ByteDance Seedance 2.0 — joint audio-video generation tuned for fast, short social cuts. Smaller catalog and tighter quotas than the others, but punches above its price on motion stability.

Every other production-grade model — Runway Gen-4, Pika 2.1, Sora, Luma Ray — sits somewhere on the curve these four already define. There is a short sidebar on them at the end.

The five questions that pick your model

Before picking a model, answer these five questions about the actual shot you need. Most of the time the first one that gets a hard "yes" picks the model for you.

1. Does the subject need to talk to the camera?

If yes — meaning lips must move in sync with words a viewer can understand — you need HeyGen Video Agent. None of the generative text-to-video models do reliable lipsync. They will generate a person whose mouth moves vaguely, but the words will not land. Stop reading and jump to the HeyGen section.

2. How long does the clip need to be?

Veo caps at 8 seconds. Legacy Kling (v1.6 through v2.6) caps at 10. Kling v3 and Seedance both extend to 15. HeyGen scales to multi-minute scripted output. If you need more than 8 seconds and you are not doing a talking-head, the candidates narrow to Kling v3+ or Seedance.

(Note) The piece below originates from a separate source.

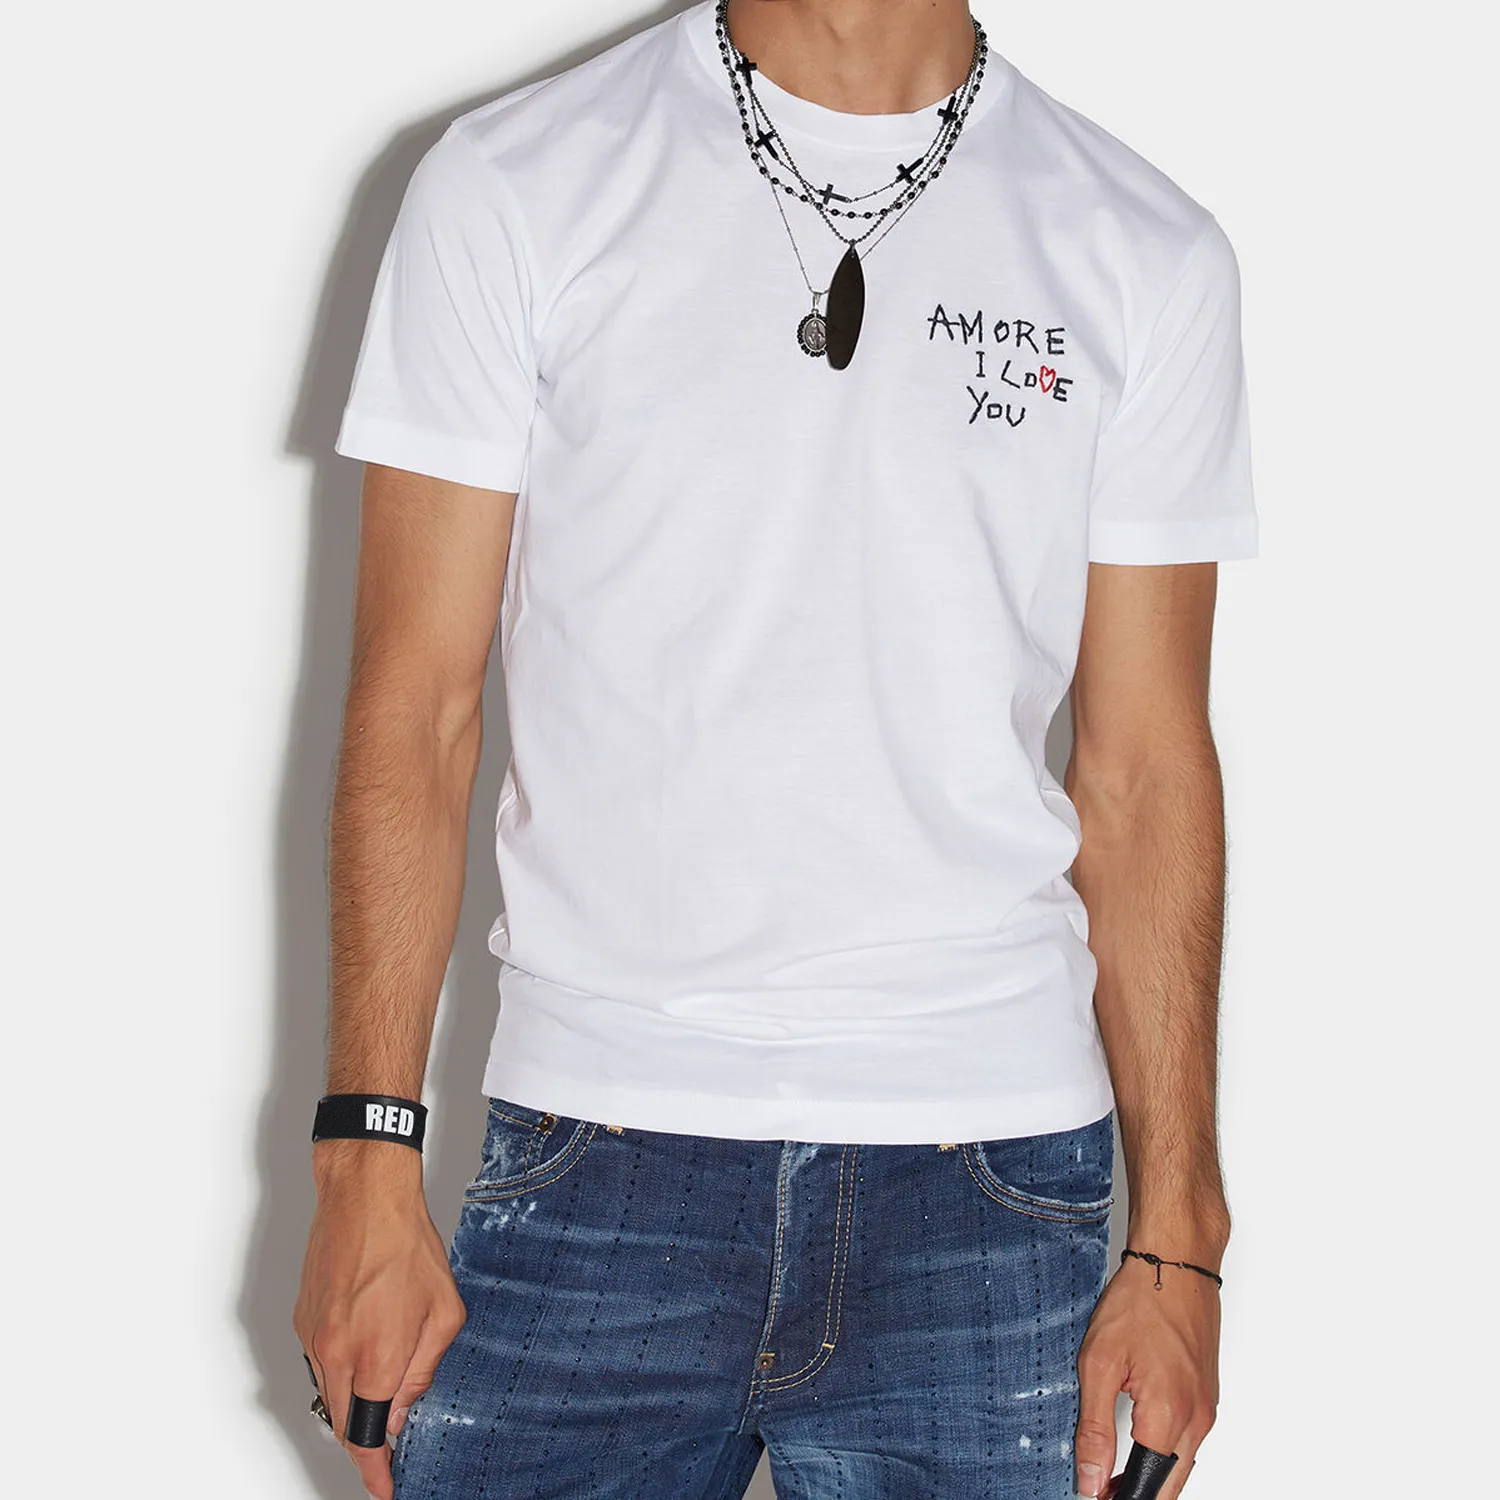 DSQ Phantom Turtle Men's T-shirts Mens Designer T Shirts Black White Amore I Love You Cool T-Shirt Men Summer Fashion Casual Street T-Shirt Tops Plus Size M-XXXL 68760

3. Do you need audio baked in?

Veo 3.x ships with native dialogue plus ambient audio for free. Kling v2.6 Pro and v3 support audio as an opt-in (the parameter is generate_audio on v2.6, sound: "on" on v3). Seedance does native joint audio-video. Everything else (Kling v1.x–v2.5, Veo 2) is silent — you would compose audio separately, typically through ElevenLabs and a lipsync runner. If you need dialogue and fast motion in the same shot, the only real options are Kling v3 with sound on, or Veo 3.1 Standard.

4. What kind of motion are you generating?

Kling consistently wins on physics: fabric, fluid, hair, particle effects, contact between objects. Veo wins on cinematic camera moves and people moving naturally through space. Seedance wins on tight motion-heavy shorts where iteration speed beats fidelity. HeyGen does not really compete on this axis — its subjects are mostly stationary presenters.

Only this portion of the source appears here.